Hani is reporting a 35%-40% loss in sales with expenses “through the roof.” A drop in customers day to day, week after week, is not just abnormal for a restaurant, it’s also unsustainable, Hani added.

“And unfortunately, if this does go past the next couple of months, you’ll see a lot of small businesses start closing because they can’t pay their staff or they can’t pay their rent,” he said. “That’s just how it is in our industry.”

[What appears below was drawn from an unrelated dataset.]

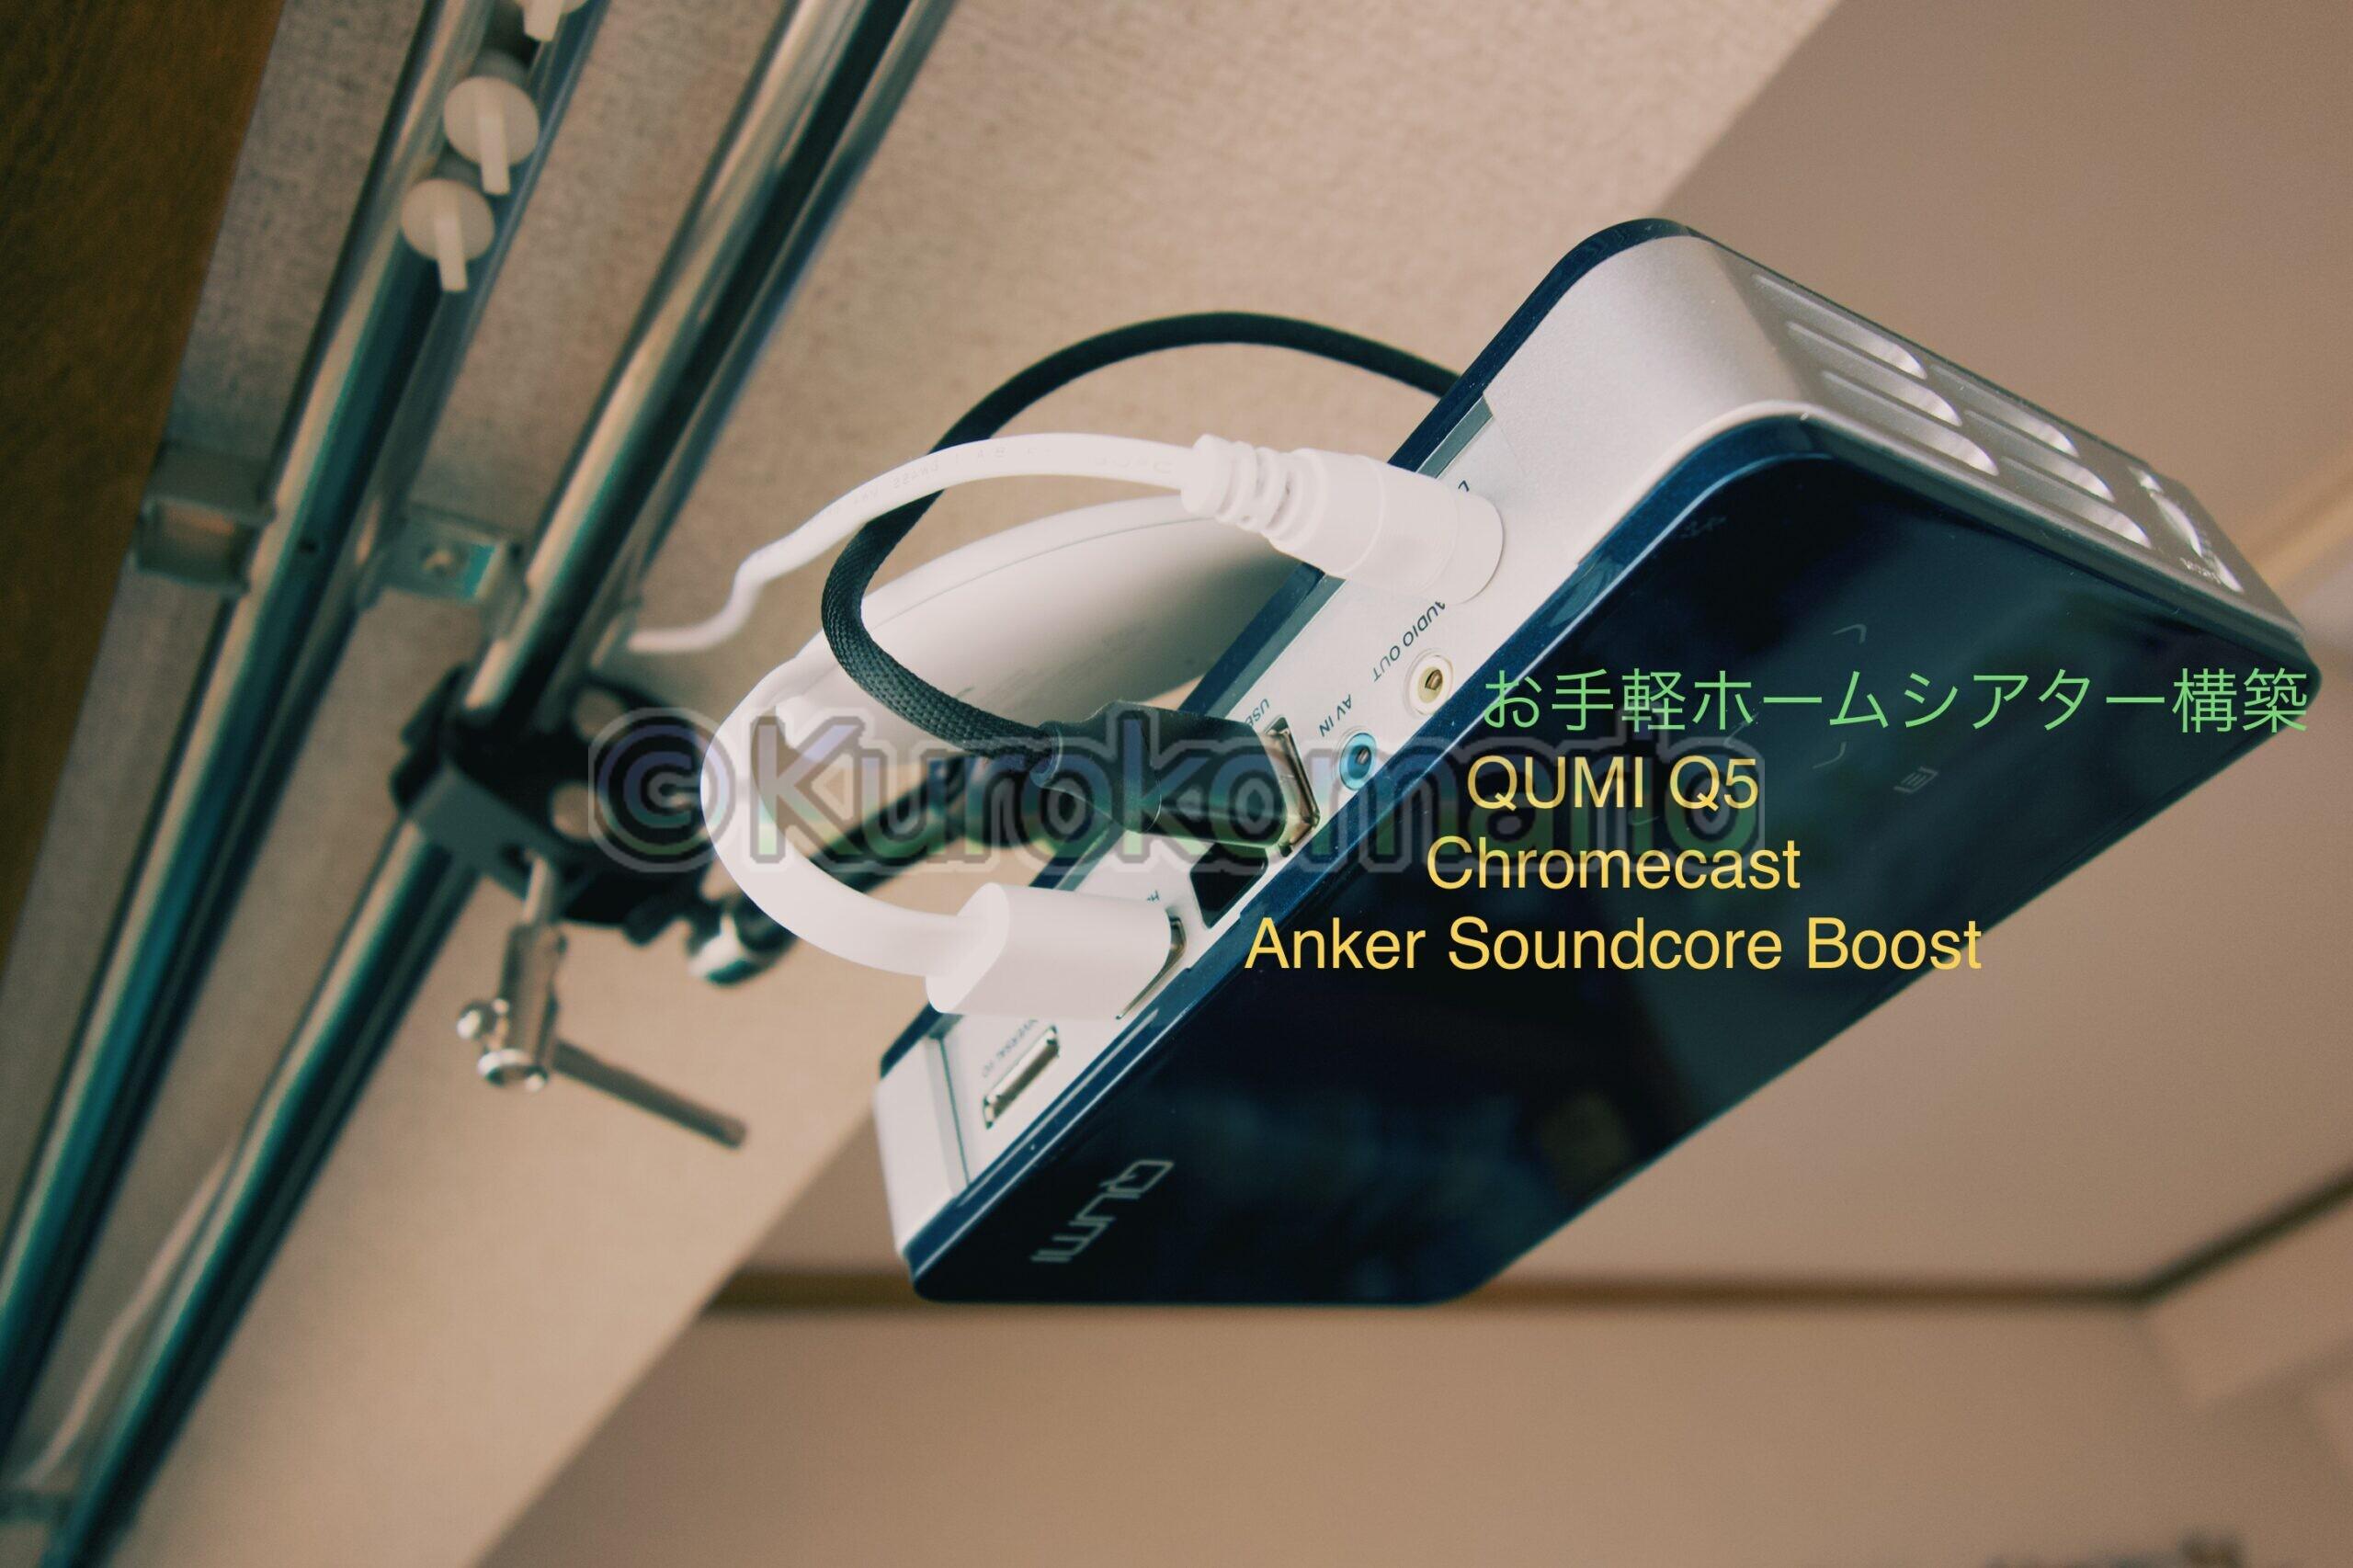 Read more about the article 手軽さ重視なホームシアター構築 | Vivitek QUMI Q5

Those running restaurants stressed one thing over and over: Customers who are not afraid and are not being targeted should go out to eat now more than ever.

“We’re a whole ecosystem — we hire local people, we buy all our produce from local vendors, the people that are driving the delivery trucks that bring our meat, the people that are bringing our ingredients, these are all neighborhood people and the majority of them are Latino,” Carbajal said. “We all depend on each other.”

Carbajal said Carnitas Uruapan will happily drive beyond their normal delivery areas to field orders from office workers downtown, which could offset some of the impact of their empty dining room.

“I know it’s hard for people to go far outside of where they are or where they usually eat, but we need people who consider themselves allies to really make it a point to visit local restaurants,” he said. “Grab a drink with friends, join us for lunch, tip our staff well — we really are struggling for our livelihoods out here.”